# [solved] editor grafico di pdf

## darkmanPPT

salve a tutti,

quello che sto cercando è un editor grafico (niente linea di comando) per PDF.

(quel che devo fare è completare dei form di un pdf, aggiungendo del testo)

Ho visto che Okular fa già un gran bel lavoro, ma..... non riesco a togliere il riquadro nero attorno alle note!

Qualcuno sa come fare?

altresì, che altri editor per PDF si trovano per linux?

(l'importer per OpenOffice è praticamente inusabile)

----------

## djinnZ

http://pdfedit.petricek.net/en/screenshots.html

http://www.scribus.net/?q=screenshots/134/tangokdelinkedtextframes

entrambi in portage

se è stato utile pensate a come aiutare il povero djinnZ con i suoi problemi con xml... prima che metta la preghiera nella firma, come ha già fatto qualcuno...  :Twisted Evil: 

----------

## darkmanPPT

grazie!

pdfedit lo avevo già visto, ma purtroppo mi richiede le qt versione 3

scribus lo avevo usato tempo fa, ma non sapevo che potesse editare anche i pdf. Buono a sapersi! davvero interessante come feature.

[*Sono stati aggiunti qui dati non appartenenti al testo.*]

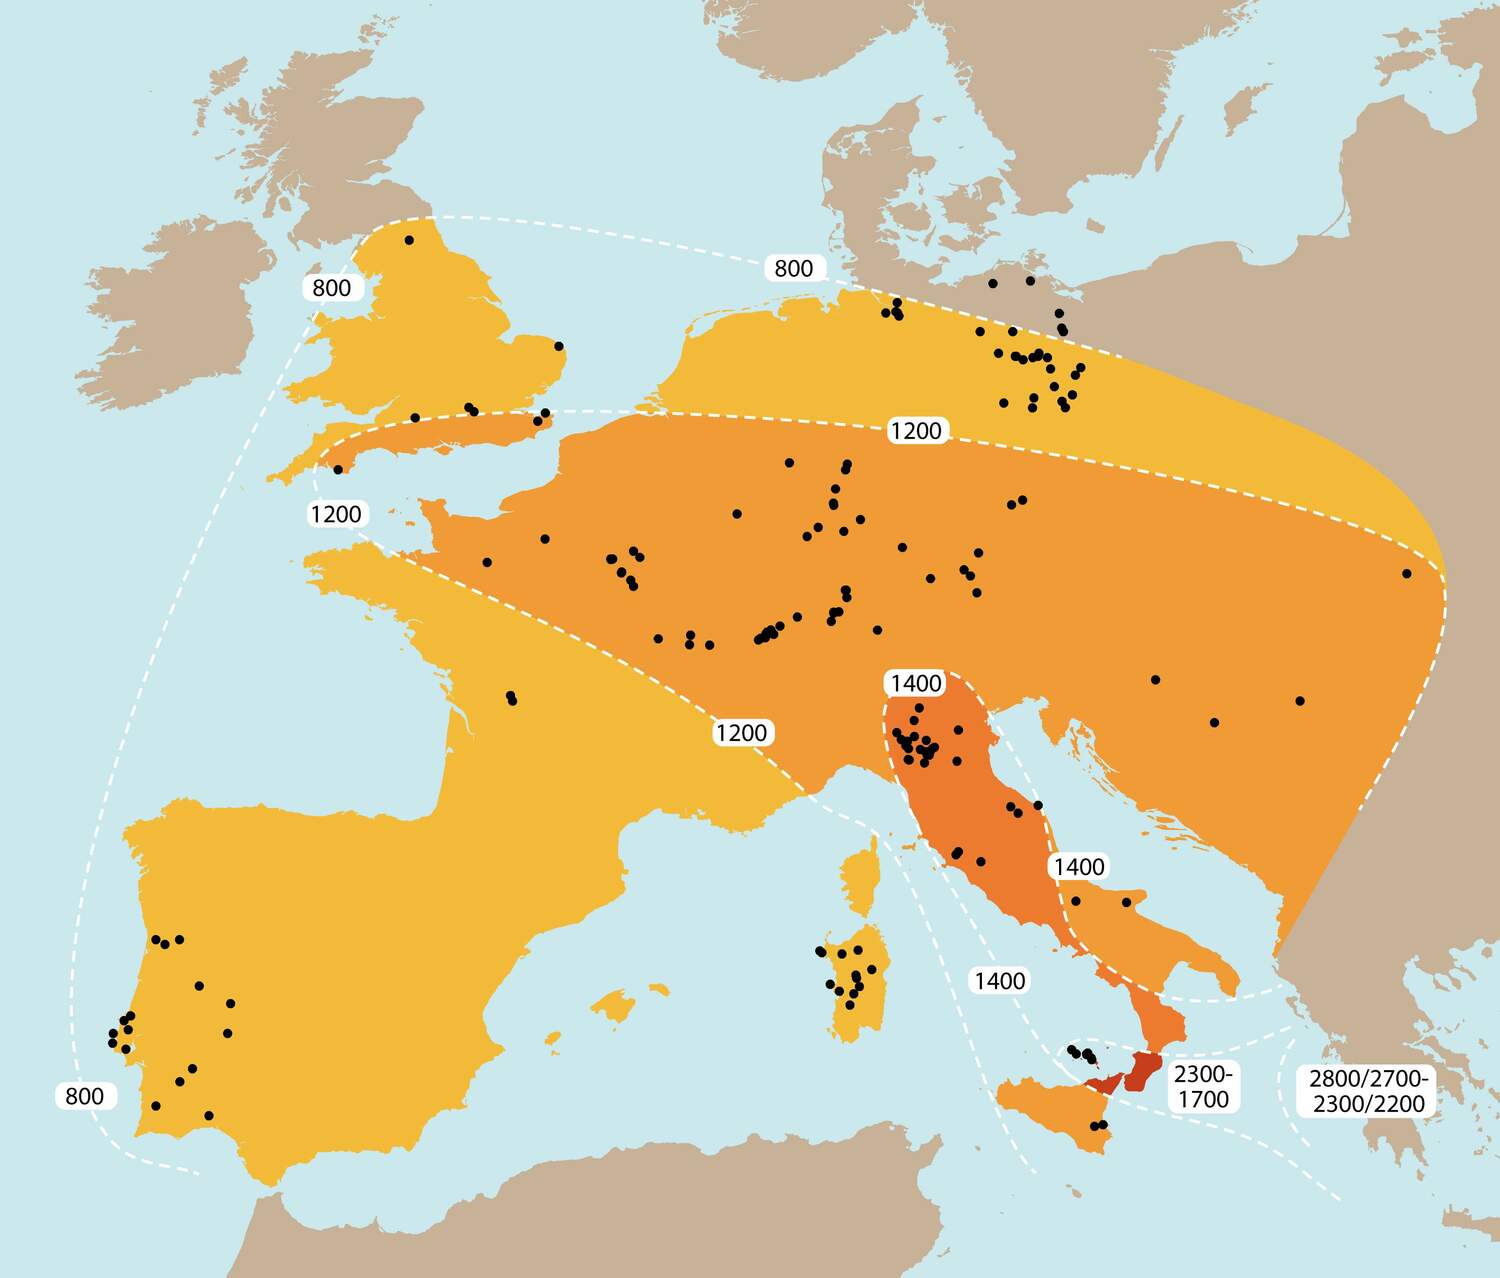 Map showing the spread of weighing technology in Bronze Age Europe (c. 2300-800 BC)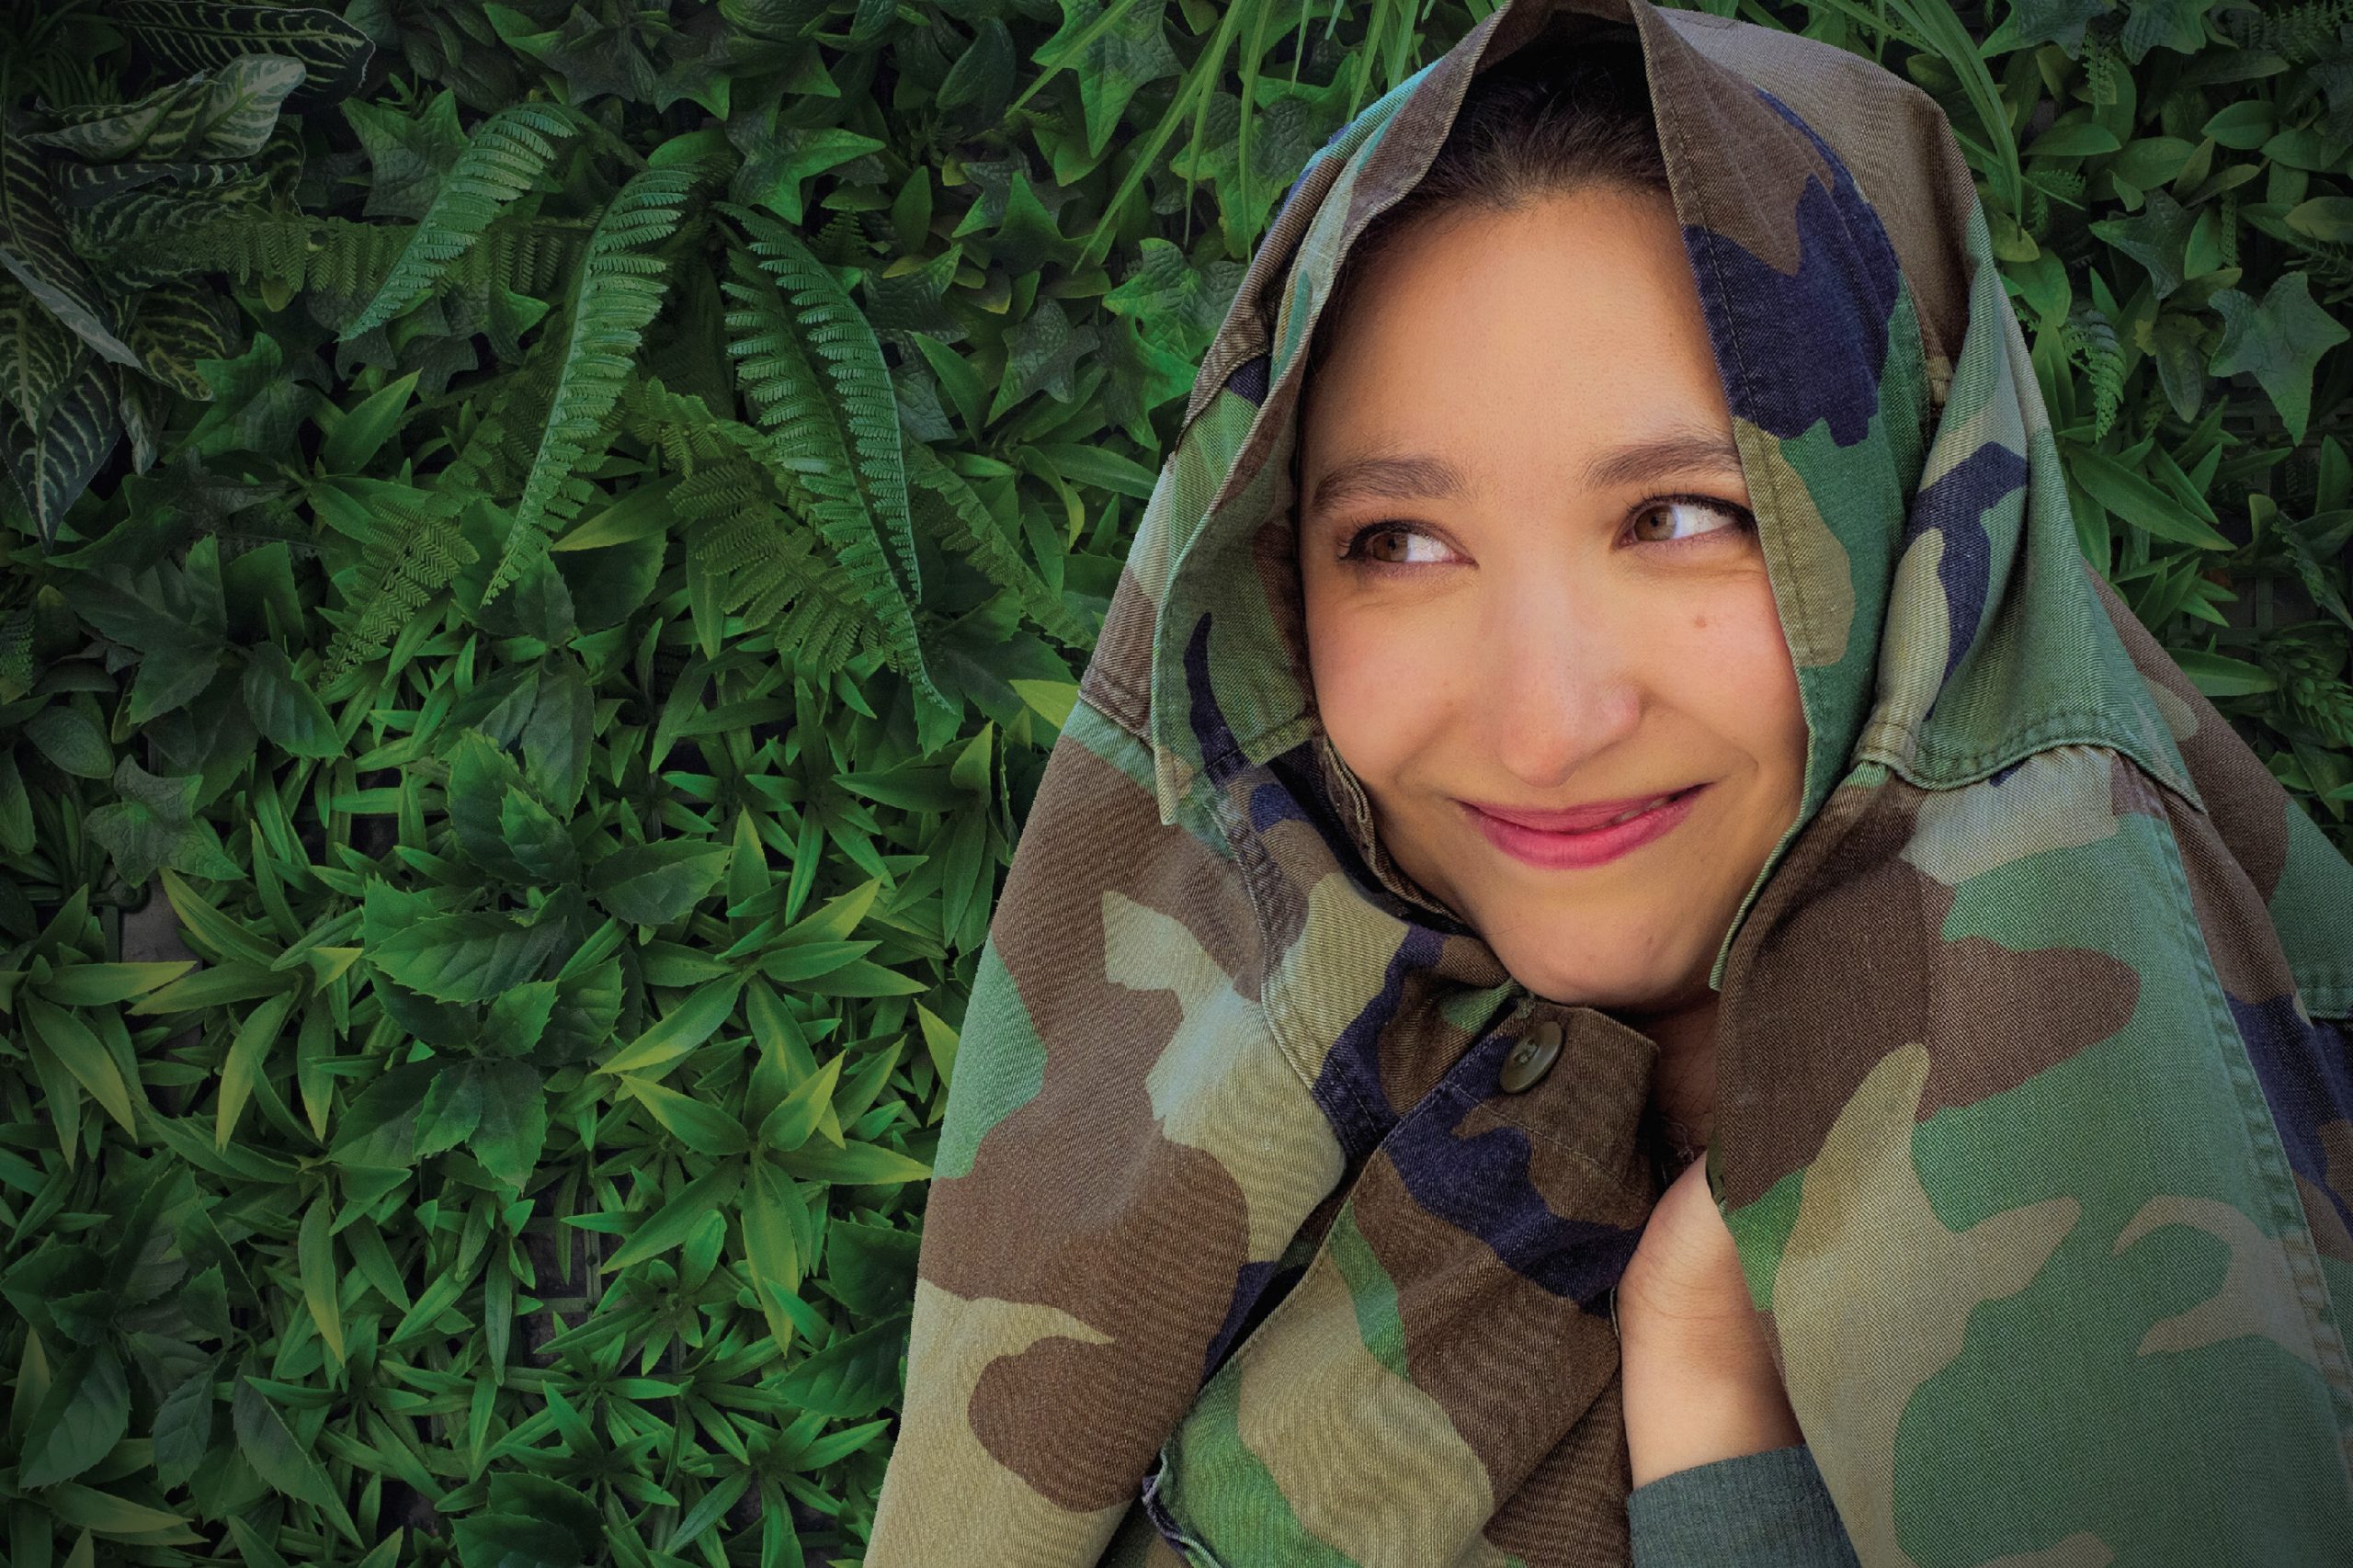 A young woman grins looking to one side in front of a push, and with a camoflage jacket over her head. Themes of the climate crisis.

domani la proverò (e nel caso metterò [solved] sul titolo).

grazie   :Wink: 

ps: perdonami però se ho qualche dubbio su scribus

http://www.scribus.net/?q=faq/pdfsurgery

qui dicono di no.....  :Shocked: 

----------

## canduc17

Per me xournal e' il top.

----------

## darkmanPPT

già, decisamente ottimo xournal

grazie per l'informazione.

problema risolto   :Wink: 

----------

## fbcyborg

Grande!!!  :Smile:  Utilissime info in questo thread!

----------

## !equilibrium

meglio ancora media-gfx/inkscape

 *Quote:*   

> The Inkscape community today is announcing the release of the newest version of its open source vector graphics editor. Inkscape 0.46 is a major update that introduces native PDF support. The implementation of PDF support in Inkscape provides an easy, open source solution to editing PDF documents

 

----------

## fbcyborg

Altra info.

Foxit PDF Editor gira su wine, egregiamente.

----------

## lordalbert

io aggiungerei gimp!  :Smile:  tratti il pdf come immagine...

----------

## fbcyborg

Sì, Gimp l'avevo usato, però poi ho avuto problemi nel salvare il PDF. Gimp non supporta quel formato in fase di salvataggio.

Forse sono io che non lo so usare, ma Gimp apre un pdf multipagina come un insieme di layer (uno per pagina). Poi per salvare nuovamente il pdf, non saprei come fare.

Forse si potrebbe salvare N immagini separate (dove N sono le pagine), e poi usare convert di inkscape per ricreare il file pdf multipagina.

----------